Price rises trigger shift from saving to borrowing. The BBC is reporting that a greater number of people are borrowing more and expecting to save less as the rising cost of living bites in the UK, official figures suggest.
Nearly one in five (17%) said they were borrowing more than they did a year ago, based on a survey conducted in March. Some 43% said they would not be able to save money in the next 12 months.
At no time in the past two years has that figure been any higher, the Office for National Statistics (ONS) said.
Surging price rises, for essentials such as food and fuel, have affected household budgets in recent months. The chief reason for the squeeze has been the rising cost of gas and electricity.

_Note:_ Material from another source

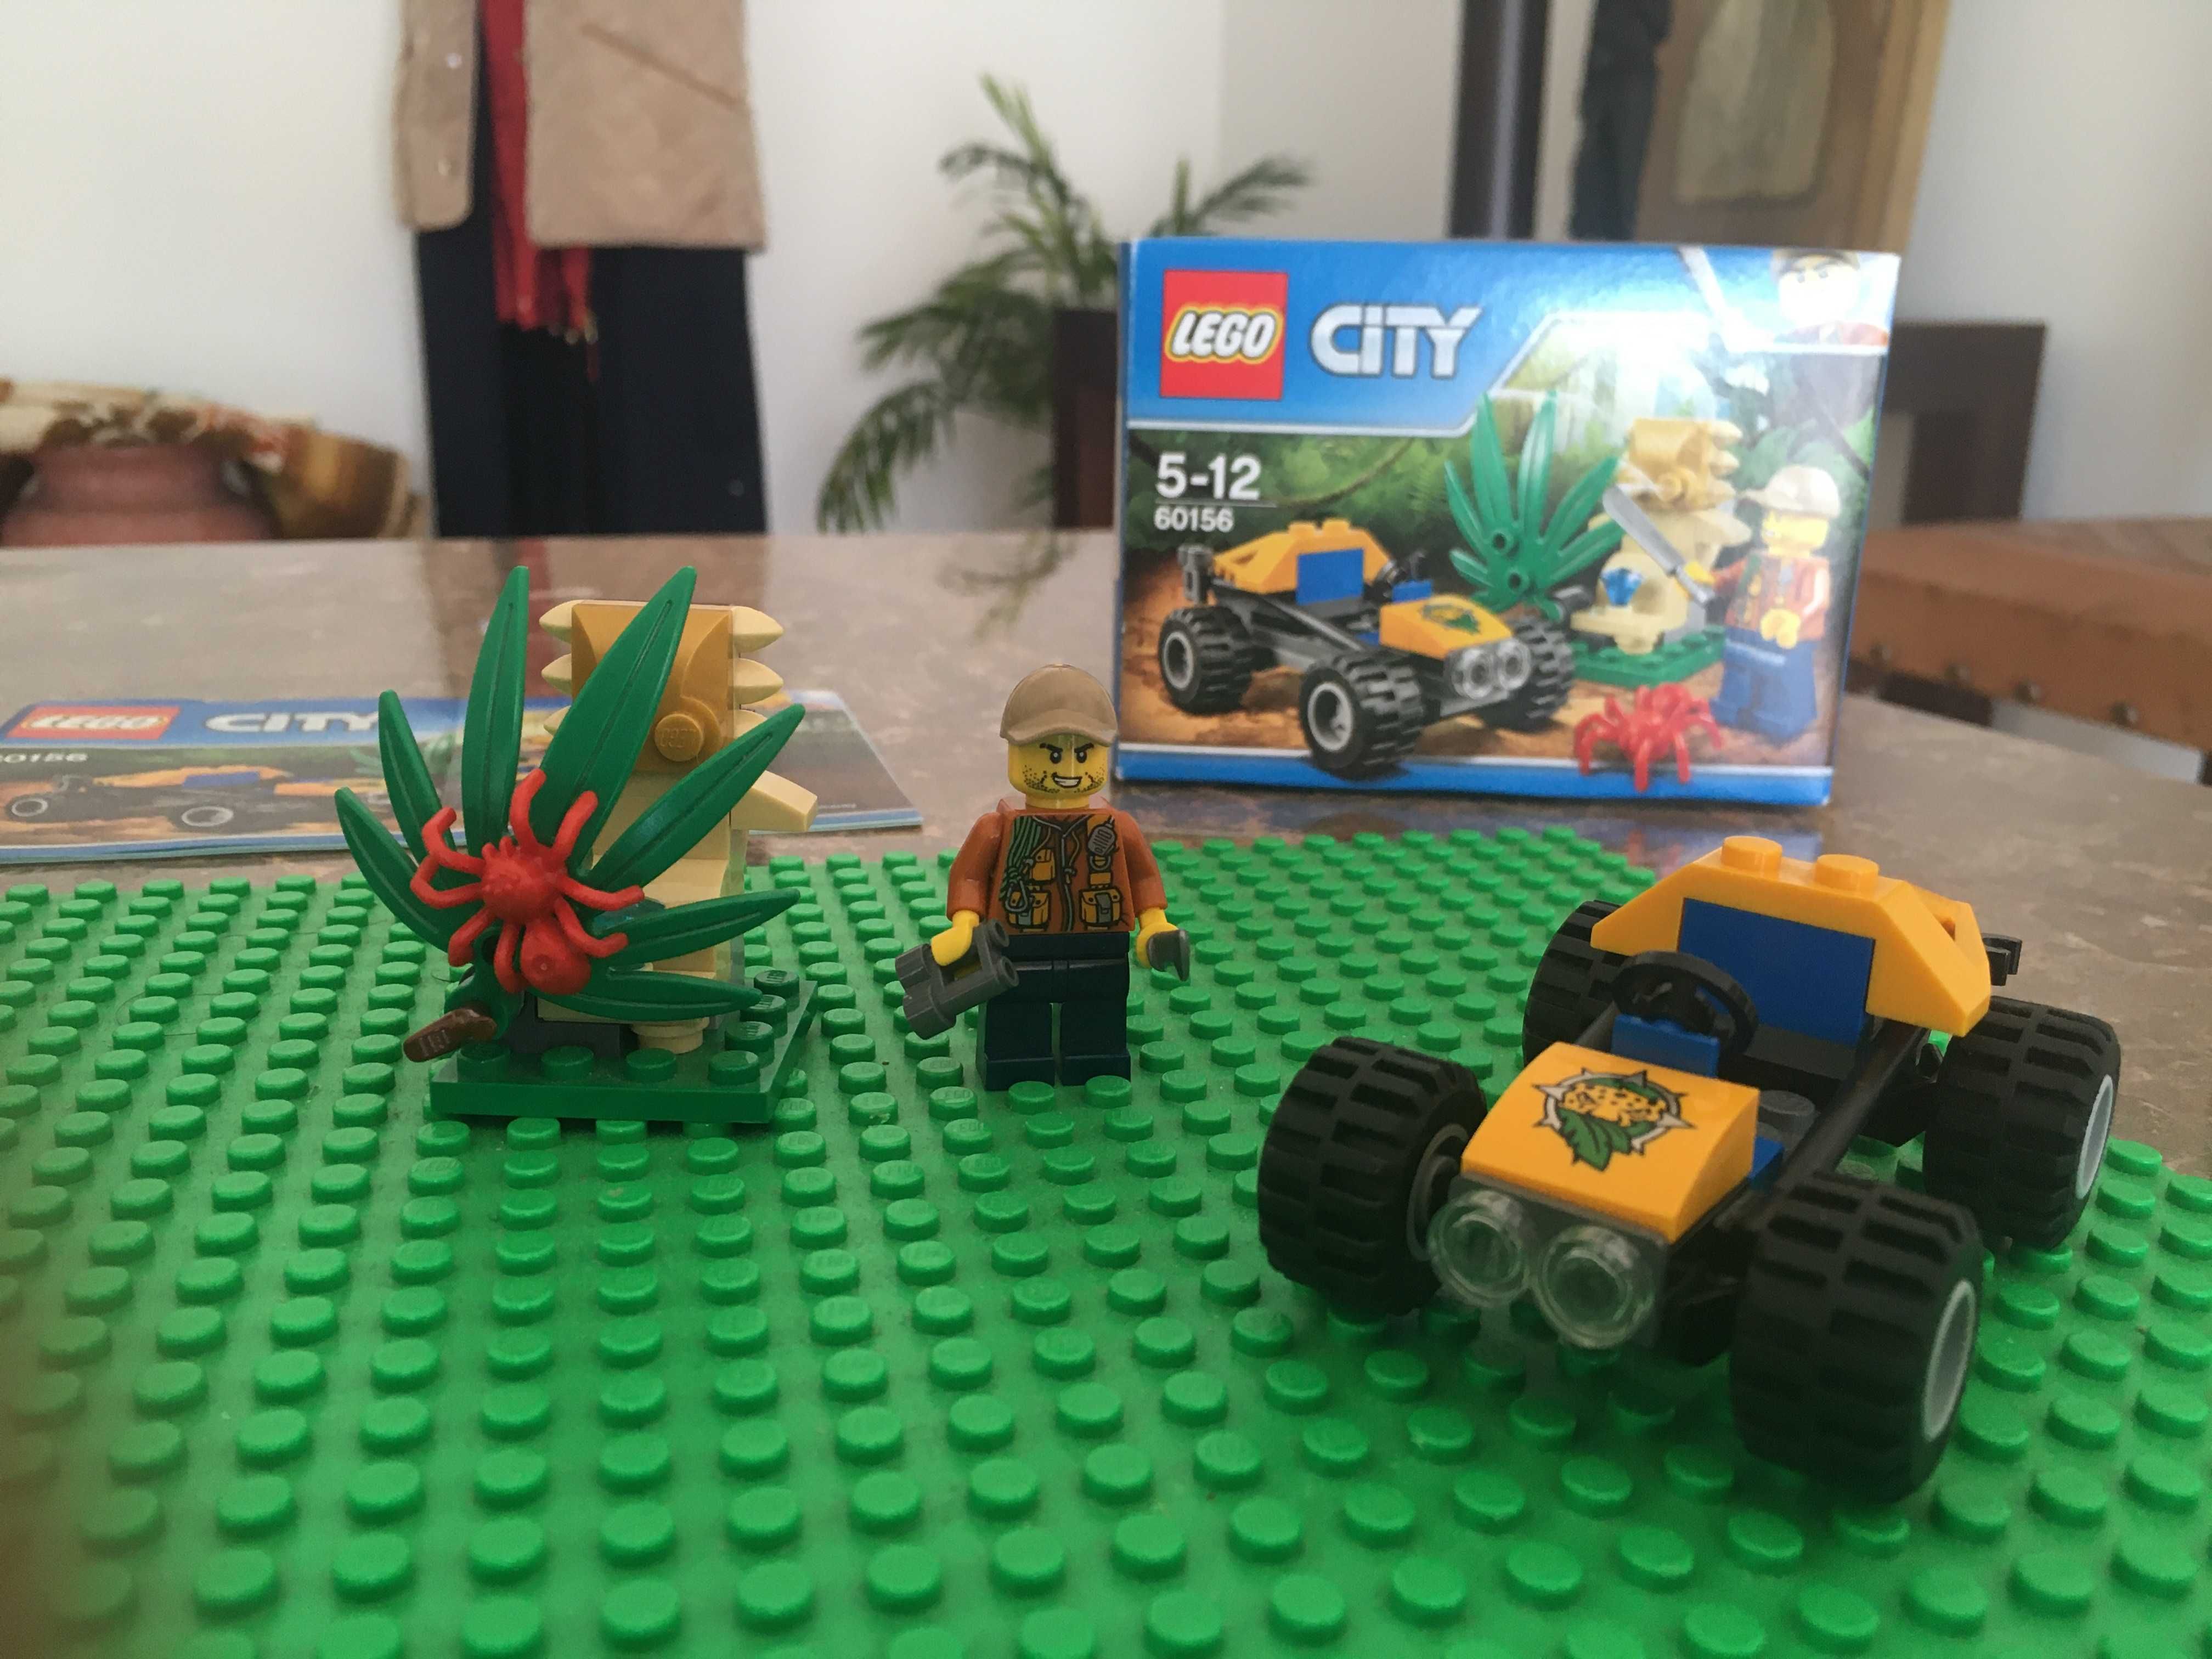 LEGO 60156 Completo e em bom estado

The ONS survey was conducted before a 54% rise in domestic energy bills took effect in April, but still takes into account the general trend of sharply rising prices, as measured by inflation.
The survey also showed that 23% of adults reported that it was either very difficult or difficult to pay their usual household bills in the previous month, compared with a year earlier.
That was a higher proportion that the 17% of adults who gave the same answer in November last year.
Even though the steepest rise in energy bills had yet to kick in, among those who pay energy bills, 43% reported that it was very or somewhat difficult to afford them.
The vast majority of people (87%) said their cost of living had risen in the previous month. Those hit harder were those renting properties and people living in less affluent areas, the figures showed.
“While rising household bills will affect most households across the country, they are more likely to disproportionately affect those in the most deprived areas,” the ONS said.